Игорёк держался за живот, хватая ртом воздух.

– Это было нечто! Я захожу, а вы сидите со спущенными штанами и дрочите оба, глядя на экран! – Игорёк скорчил ослиную рожу, втянув губы и выпучив глаза, а затем снова зашёлся икающим хохотом.

– А сам-то где был? – заикнувшись и покраснев, как зрелая клубника, спросил Петрицкий.

– Я за пивом пошёл. А-а-а… – Игорёк сел и прищурил глаза: – Это вы меня, наверное, нарочно выпроводили, чтобы тут, понимаешь, грязно…

Тут Вронский накинулся на него по-серьёзному. Петрицкий попытался остановить Алексея, и в итоге на полу образовалась куча-мала. Вронский разорвал на груди у Игорька рубашку.

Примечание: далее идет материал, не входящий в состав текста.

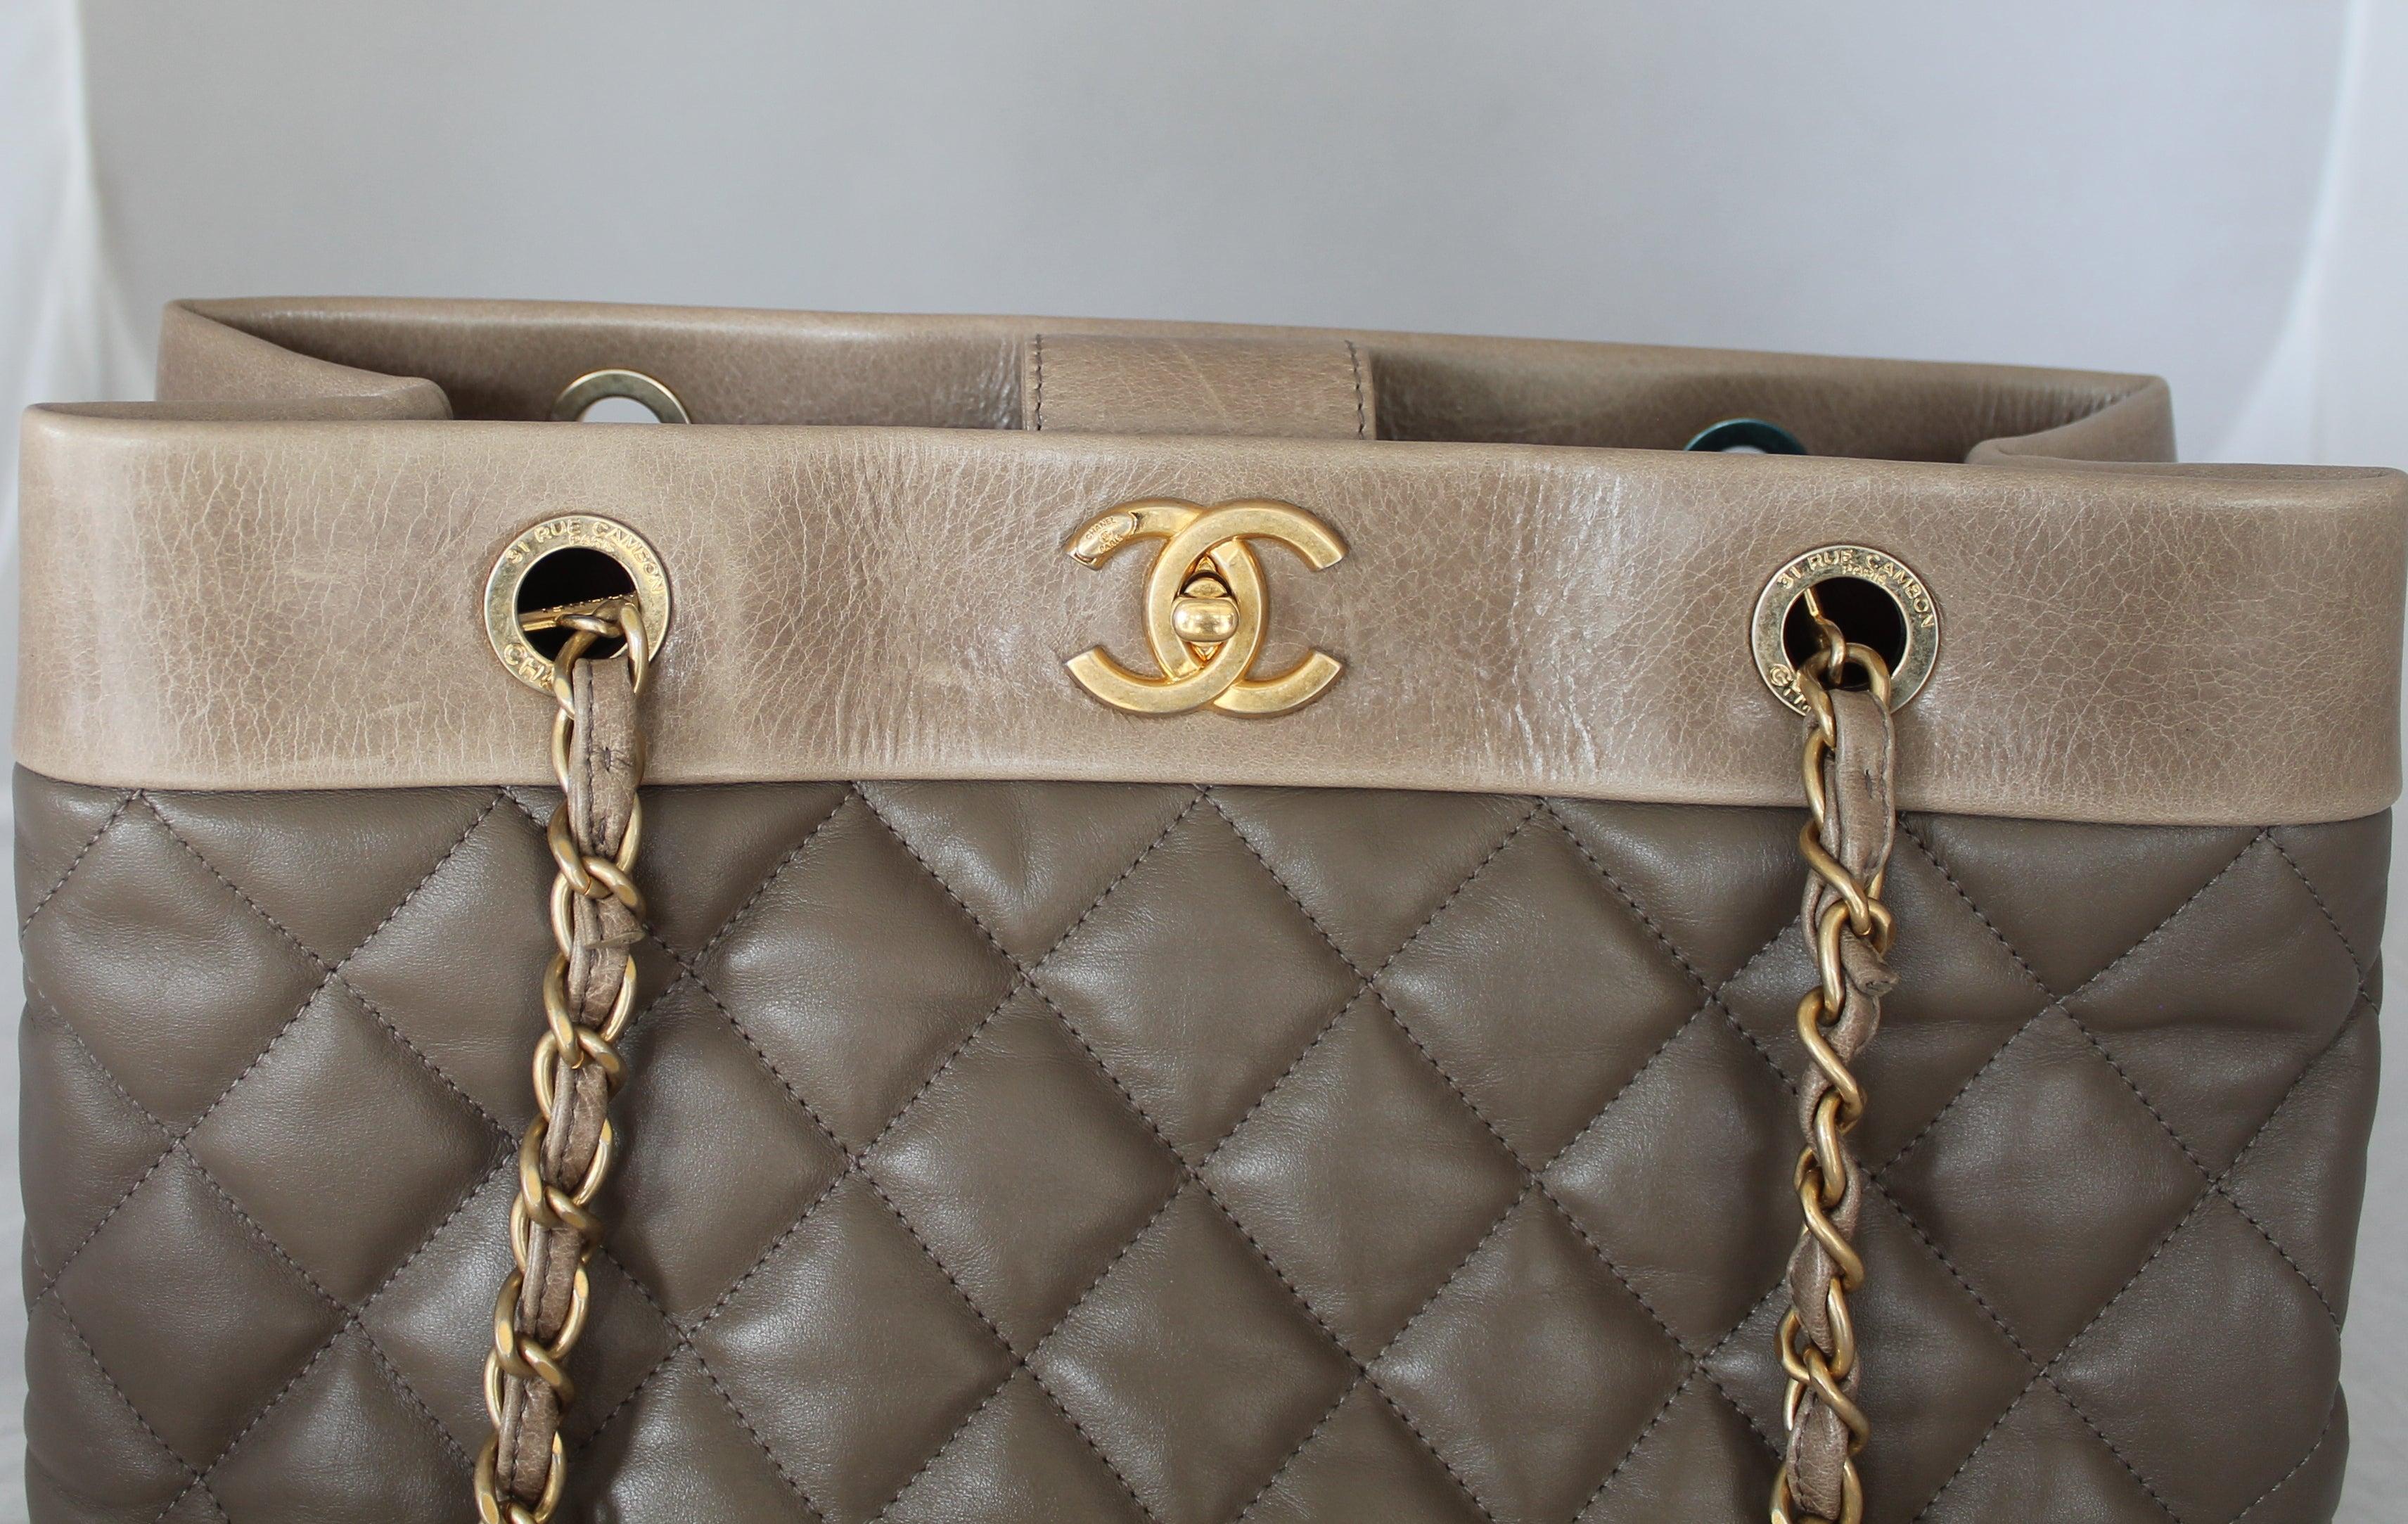 29a68ec19a674b Chanel 2013 Taupe Soft Elegance Tote Shoulder Bag - GHW at 1stdibs

– Да пусти ты! – заорал тот, заработав руками и ногами в полную силу. Через секунду он уже стоял на ногах. – Достали, блин!

Игорь вышел. Сидящие на полу Вронский и Петрицкий вздрогнули, услышав, как хлопнула дверь.

Вронский повернул голову и вопросительно уставился на Петрицкого.

– Ну ладно, я тоже, наверное, это… ну в смысле пойду… Лады? Ну пока!

Петрицкий торопливо вскочил.

– Пока, Лёшич! – крикнул он из прихожей, на ходу натягивая кроссовок.

Алексей остался один. Блин! Это же надо так влипнуть! От стыда хотелось зарыться в песок и больше никогда не вылезать на поверхность. Он даже представить себе не мог, как теперь позвонит Петрицкому или Игорьку, чтобы договориться о пляже. Видимо, пляж отменяется. Блин!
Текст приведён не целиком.